I’d agree with that a lot of companies should act like media companies and broadcasting content.  However, there are there are a handful of significant industries that are slower to embrace social business practices. According to MIT Sloan Management Review’s white paper; Social Business: What are companies really doing? – the majority of those surveyed from financial, manufacturing, energy and utility sectors didn’t report that a social tools are important today.  On the contrary, half of all respondents from each of these industries agreed that social tools will be relevant in the next three years.  What do these respondents expect to change in the next three years – perhaps increased adoption (but then will companies be adopting it for competitive reasons versus the right reasons)?  Maybe they think social tools will be refined into a usable form in three years?
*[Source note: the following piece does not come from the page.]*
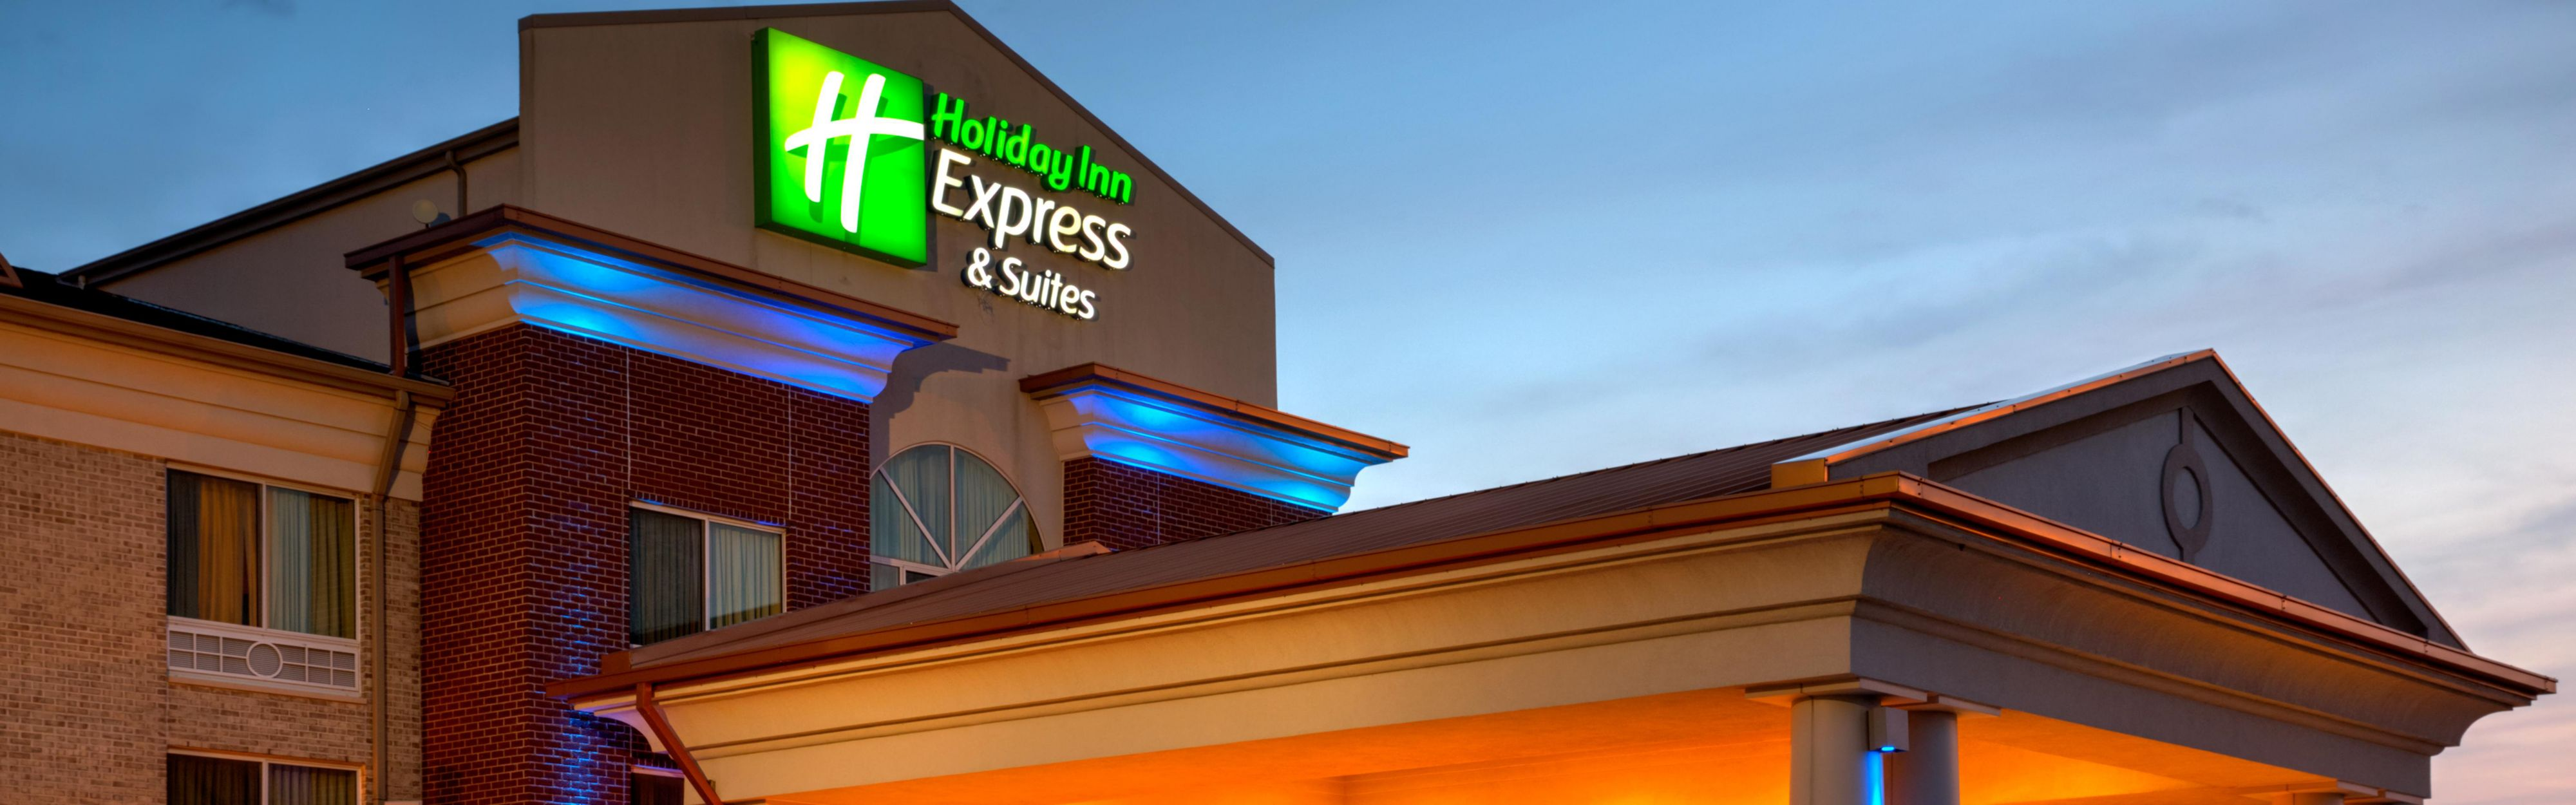 Holiday Inn Express & Suites Vandalia image 0

I wonder about the healthcare industry – an industry undoubtedly under the spotlight at the moment.  This sector wasn’t listed as one of the top three least interested in social tools despite the myriad of laws governing privacy for patients and disclosure for drug companies.  Based on Healthcare Finance News article: Social Media Becomes a Business Intelligence Strategy, it appears that consumer demand required the industry’s adoption of open communication through social means:

“According to a recent report by the Health Research Institute (HRI) at PwC US regarding the use of social media in healthcare, one-third of consumers use sites such as Facebook, Twitter, Youtube and online forums to find health-related information, track symptoms, and broadcast how they feel about doctors, drugs, treatments, medical devices and health plans.”

What what forces will guide the adoption of social business practices among the financial, manufacturing, energy and utility industries?

My guess:

For the private financial, manufacturing and energy sectors I think globalization and the need for a competitive advantage will drive adoption.  For public (& semi-public) utilities, I expect adoption to be much slower as competition is regulated and demand relatively consistent.